An expression she did not understand darkened his face.
"Are you a Christian?" she asked.
He flushed deeply, and bowed while answering:
"My mother is a Christian."
That night Count Corti searched the book, and found that the strength of faith underlying his mother's prayers for his return to her, and the Princess' determination to die with the monk, were but Christian lights.
"Princess Irene," he said one day, "I have studied the book you gave me; and knowing now who Christ is, I am ready to accept your Creed. Tell me how I may know myself a believer?"

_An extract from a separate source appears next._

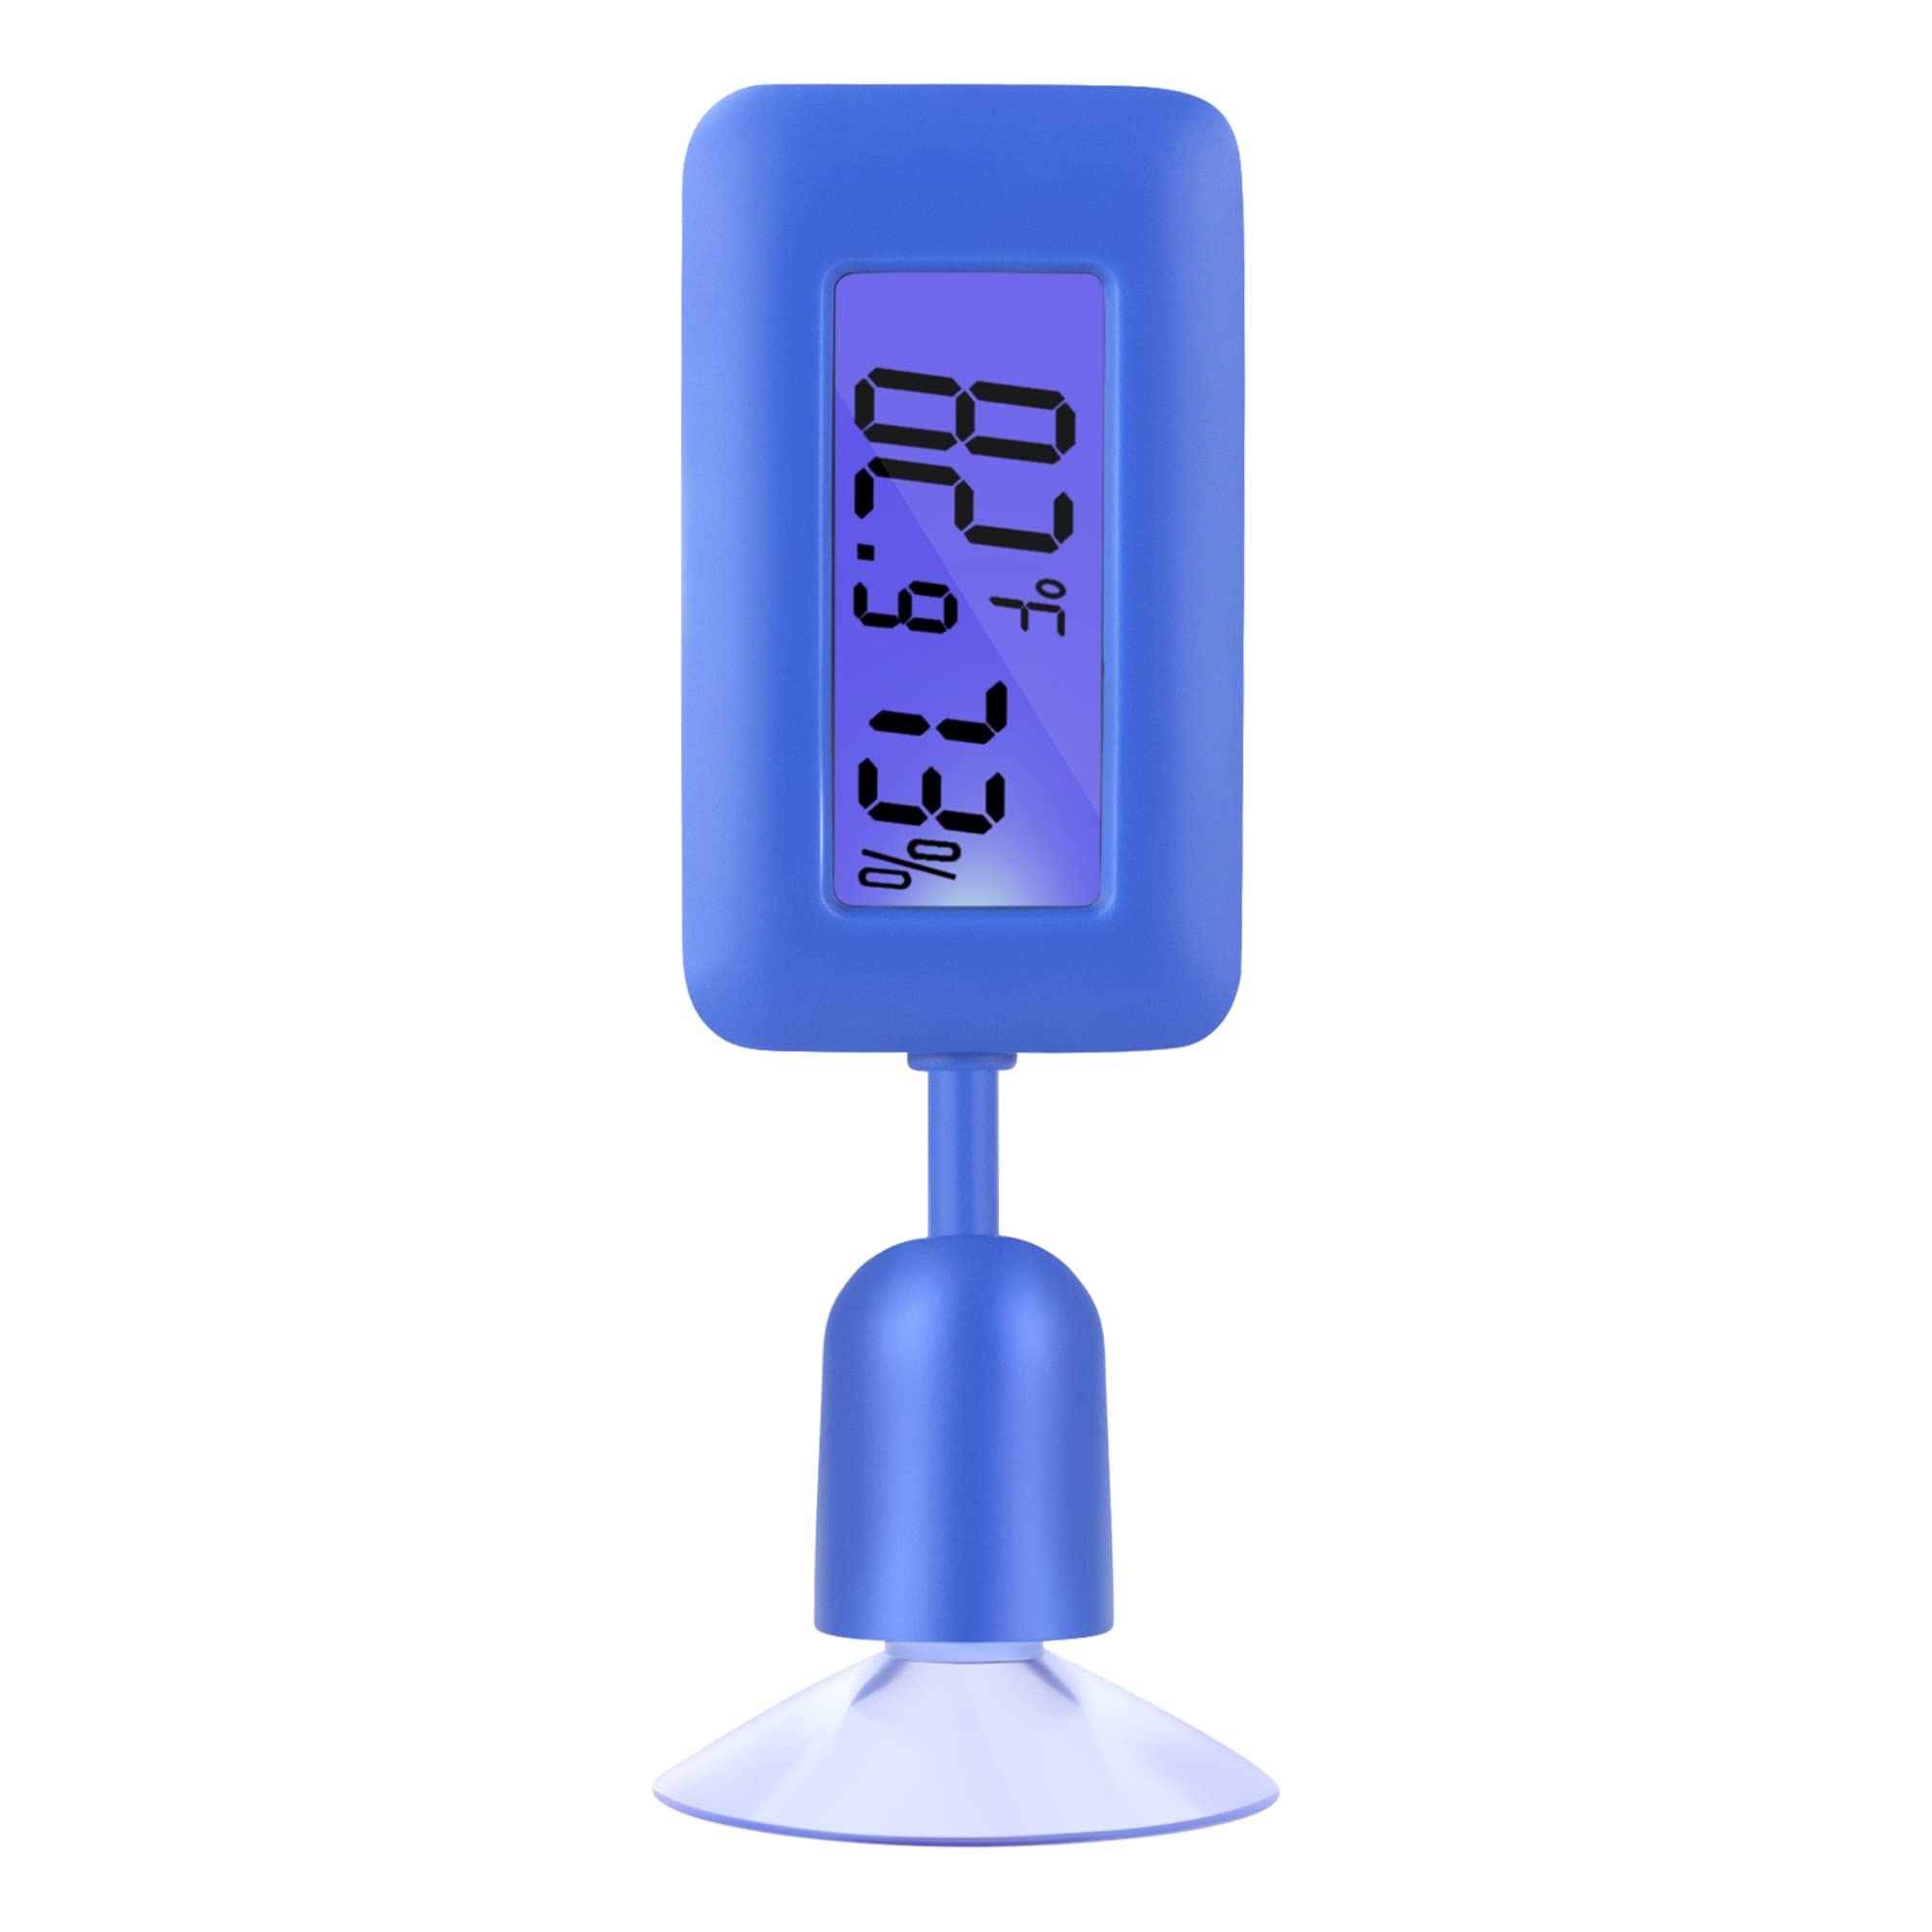 Reptile Thermometer,Reptile Thermometer and Humidity Gauge,Digital Reptile  Thermometer and Hygrometer

A lamp in the hollow of an alabaster vase glows through the transparency; so her countenance responded to the joy behind it.
"Render obedience to His commands--do His will, O Count--then wilt thou be a believer in Christ, and know it."
The darkness she had observed fall once before on his face obscured it again, and he arose and went out in silence.
Brave he certainly was, and strong. Who could strike like him? He loved opposition for the delight there was in overcoming it; yet in his chamber that night he was never so weak. He resorted to the book, but could not read. It seemed to accuse him. "Thou Islamite--thou son of Mahomet, though born of a Christian, whom servest thou? Judas, what dost thou in this city? Hypocrite--traitor--which is thy master, Mahomet or Christ?"
He fell upon his knees, tore at his beard, buried his head in his arms.
He essayed prayer to Christ.
"Jesus--Mother of Jesus--O my mother!" he cried in agony.
The hour he was accustomed to give to Mahommed came round. He drew out the writing materials. "The Princess"--thus he began a sentence, but stopped--something caught hold of his heart--the speaking face of the beloved woman appeared to him--her eyes were reproachful--her lips moved--she spoke: "Count Corti, I am she whom thou lovest; but what dost thou? Is it not enough to betray my kinsman? Thy courage--what makest thou of it but wickedness? ... Write of me to thy master. Come every day, and contrive that I speak, then tell him of it. Am I sick? Tell him of it. Do I hold to this or that? Tell him. Am I shaken by visions of ruin to my country? Tell him of them. What is thy love if not the servant for hire of his love? Traitor--panderer!"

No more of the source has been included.